I’ve wrestled with the USCCB Religious Liberty campaign for some time. I support its big-picture goals, but so much about its tone, argument, timing, and politics leaves me concerned. None of that seemed worth putting in a post.
Michael Moreland’s helpful, sympathetic engagement with ”Our First, Most Cherished Liberty,” in the current Commonweal, crystalized my concerns by highlighting the larger framework of Catholic understandings of religious freedom in a way that makes the silences and priorities of the document and the campaign stand out in starker contrast.
Moreland contrasts two views on the freedom of subsidiary institutions such as churches vis-à-vis the state. The Hobbesian tradition sees their rights as granted by self-imposed limits on the state, as in our Bill of Rights. In the understanding of Catholic social thought and political pluralists, such groups “exist independently of the state” and thus their freedom results not from “a concession on the part of the state but are the result of a genuine differentiation between the authority of the state and the authority of subsidiary institutions, even if the boundaries between these different jurisdictions is often confused and have to be worked out in a case by case basis.”
This Catholic view of subsidiary organizations is a principle I would like to see more widely applied. It is, alas, not the one that informs our fine Constitution. “Our First, Most Cherished Liberty,” glosses over this conflict. “To be Catholic and American should not mean having to choose one over the other.” “Should not” perhaps, but there are tensions that are, well, Constitutional.

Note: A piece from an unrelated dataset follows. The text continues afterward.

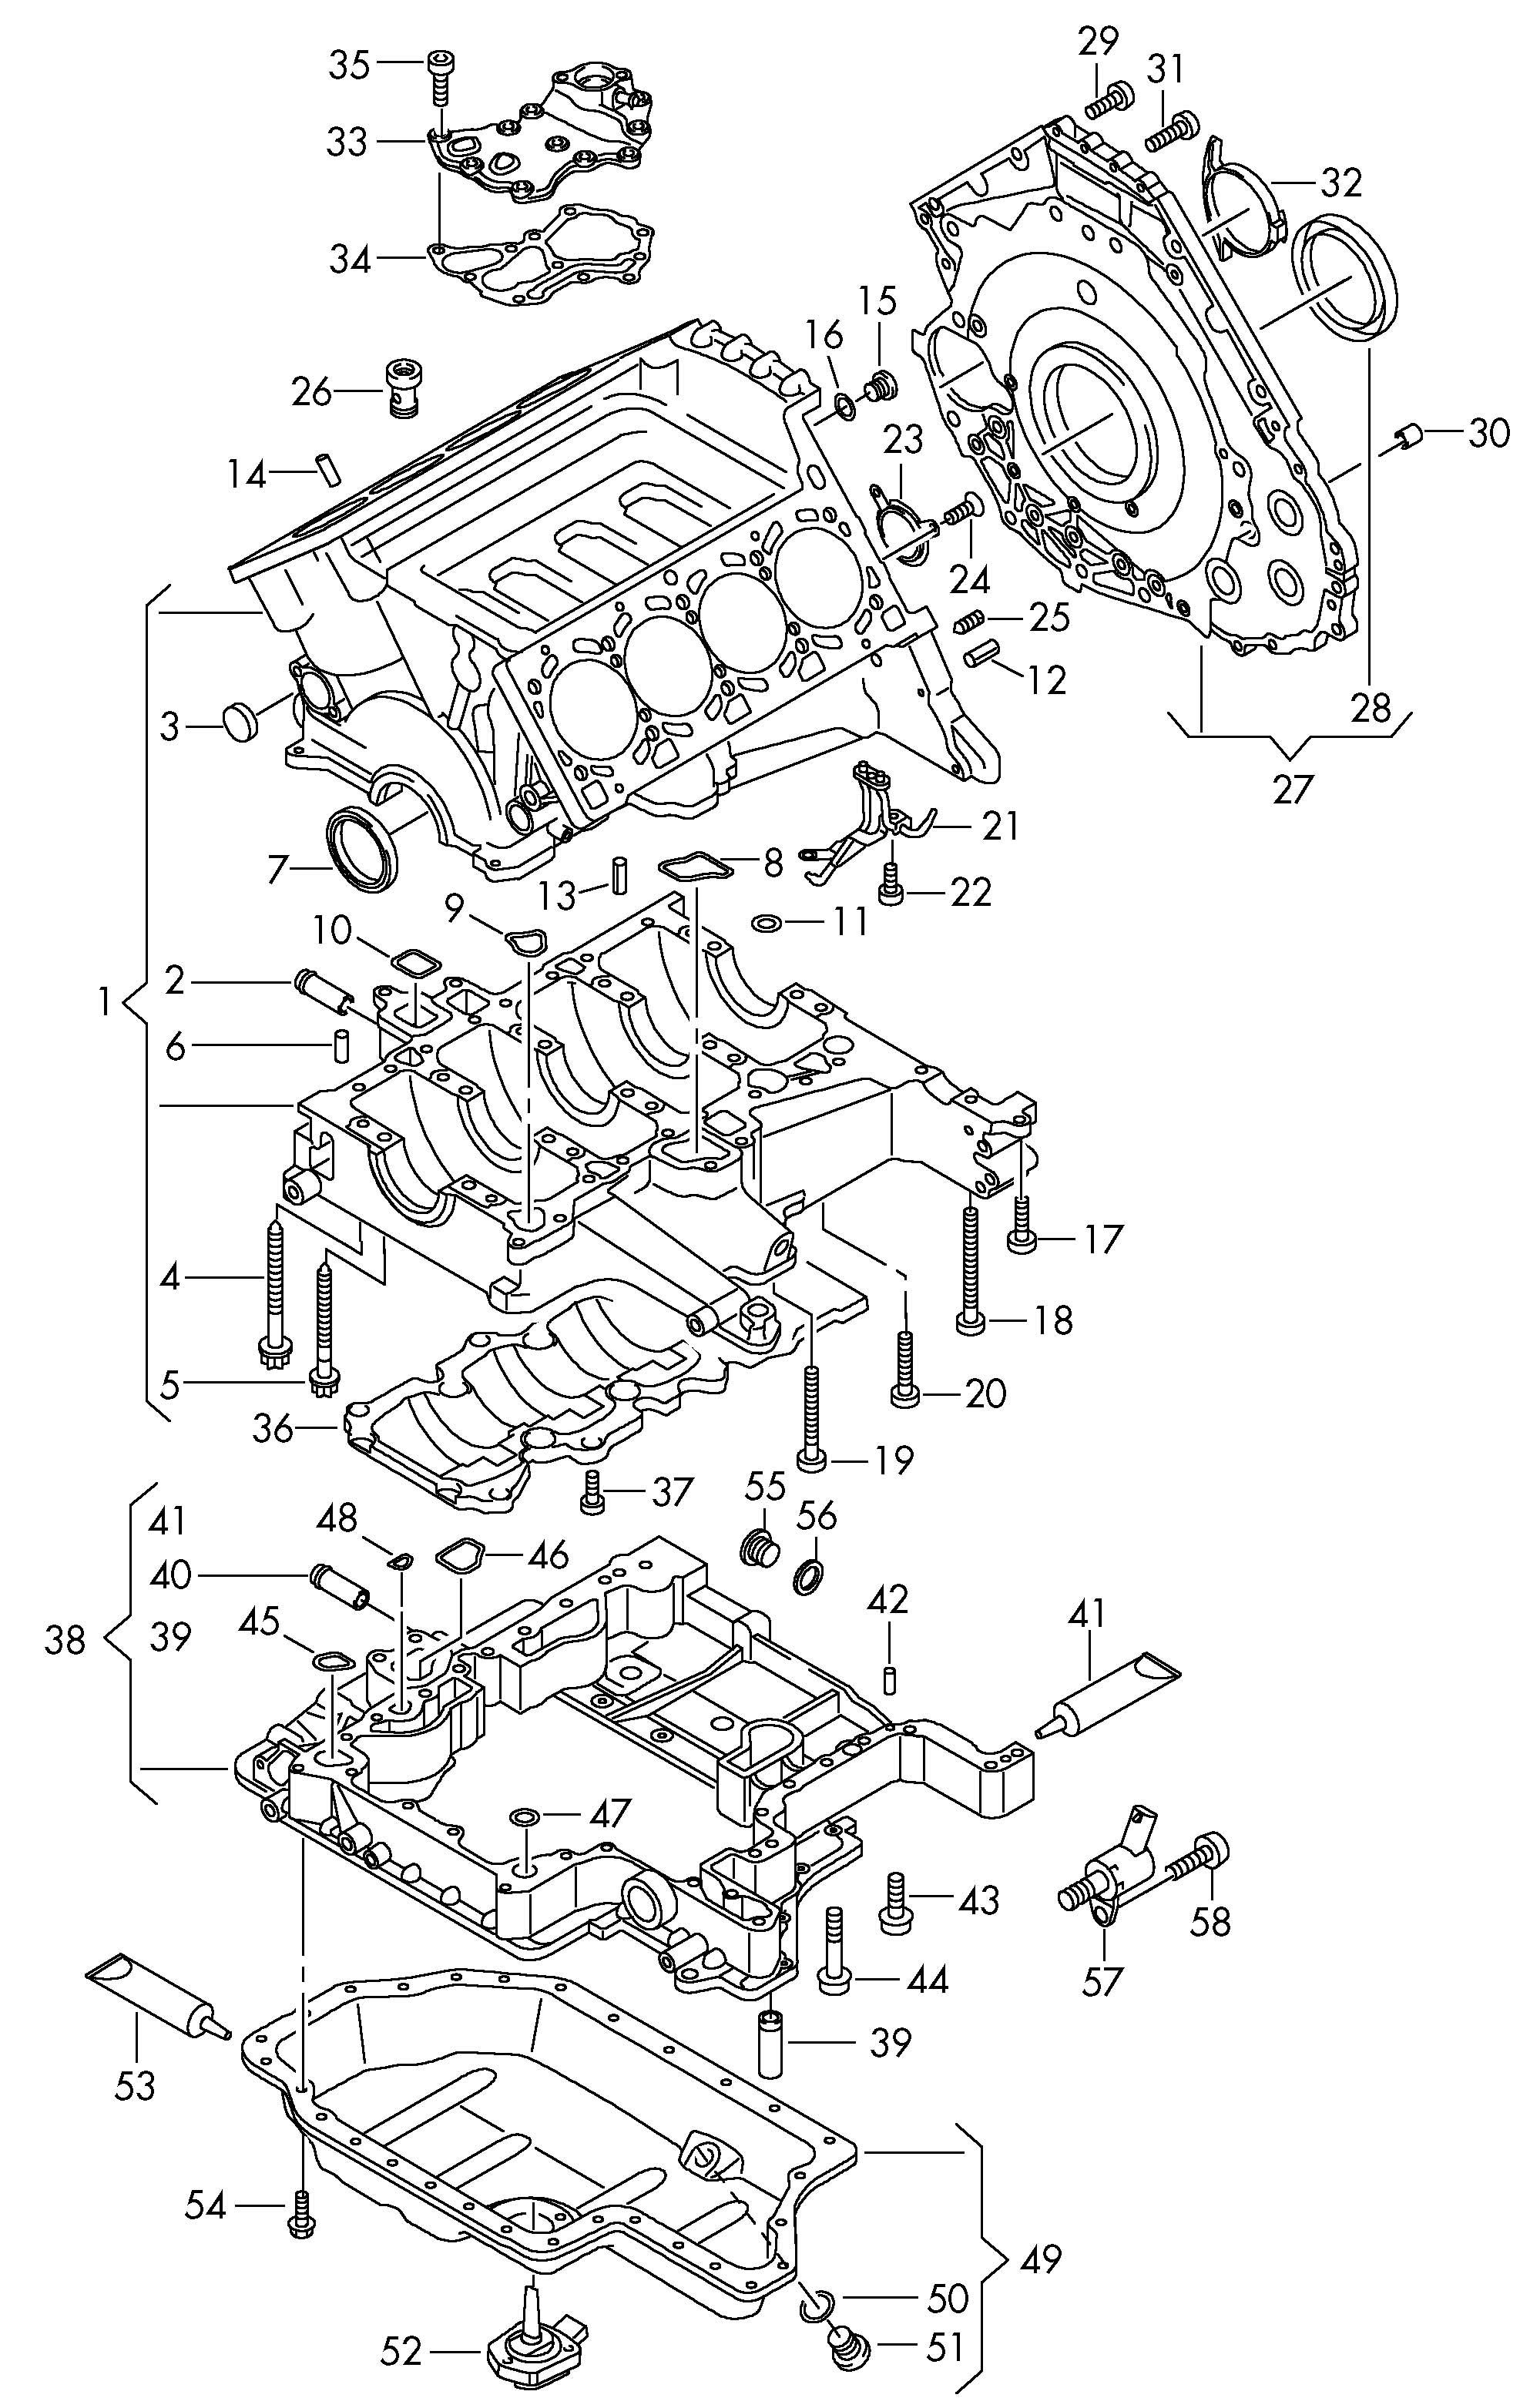 Volkswagen Jetta Seal Ring Sealing Washer

Our Constitution is built upon the Enlightenment, Hobbes and Locke. Its conception of rights is decidedly individualistic. These traditions see religion as inherently private. John Courtney Murray had to do quite a bit of work to argue for the compatibility of American conceptions of freedom and Catholicism. Such work has and continues to be done, but it cannot be taken for granted as an established consensus.
The bishops quote Cardinal James Gibbon’s letter to Rome, but fail to note that Pope Leo XIII’s response included Testem benevolentiae, which was decidedly suspicious of the individualistic nature of American freedom. It also rejected a few other First Amendment freedoms—of speech, and of the press.
The principles of Subsidiarity and the Rights of the Church have never been completely enacted anywhere. American Federalism is a relationship among levels of the state, not diverse social organizations. The so-called “pillarization” structure of parallel religious/civil institutions in Belgium and the Netherlands came close, but it is no longer a viable option there, and such could never be enacted in our constitutional setting. India’s constitution explicitly recognizes collective religious rights, but that example shows the problems inherent in such arrangements as much as their value.
So, while I share the document’s desire to move toward such a structuring of state and the civic realm, honesty requires that we note up front that Catholic social thought and the ideas of the pluralist political thinkers such as Maitland and Figgis are significantly out of sync with the political philosophy upon which our government is founded. In this sense, the document resembles the romantic Christianization of the founding fathers common in the Tea Party movement, which the protests planned for the “Fortnight of Freedom” threaten to mimic in Catholic garb. (If FreedomWorks had consulted on this project, what more could it have asked for?)
In this broader context, the tone of the document and its election year “Fortnight for religious freedom” appear in starker relief. Although it cites several examples of threats, the Obama administration’s HHS mandate for coverage of contraceptive services is the central focus.
As I’ve argued before, the 4 part test in that mandate is ill conceived (other options already exist in the tax code for making the same distinction), but the definition has relatively minor legal status. It is neither a law nor a legal decision. It is merely a regulatory definition. The administration has stated in writing it has no intention of using it as a precedent for any other decision. Of course it could become part of a legal decision. Indeed, that is one likely outcome of the current lawsuits.
There is, however, another decision regarding religious freedom that is truly epochal in its significance and scope that is completely ignored by the document. The 1990 Supreme Court decision in Employment Division v. Smith replaced the “compelling state interest” measure for state interference in religious freedom with a principle that “generally applicable” laws that incidentally result in the “prohibiting the exercise of religion” do not require religious exemptions under the First Amendment. Thus, as many have noted, if Prohibition were restored, the government would not need to allow for sacramental use of wine for Catholics.
This opinion was authored by Antonin Scalia—a figure whose aura of Catholic integrity seems never to suffer from the impunity with which he engages the concerns of the Church. As Cathleen Kaveny has noted, it is more than striking that his legal revolution receives no mention in the document.
“Our First, Most Cherished Liberty” would be quite a bit more honest, coherent, and effective if it discussed these other profound obstacles to its goals: the divergent philosophy undergirding the American Constitution and Scalia’s watershed reorientation of the jurisprudence of religious liberty. Prophets must speak to all those complicit—Left, Right and Center. Absent this, the document is too easily read and used as the bishops' contribution to the Republican election year frame of the administrations “War on Religion.” Because of that, the bishops’ profound concerns are likely to be similarly short lived.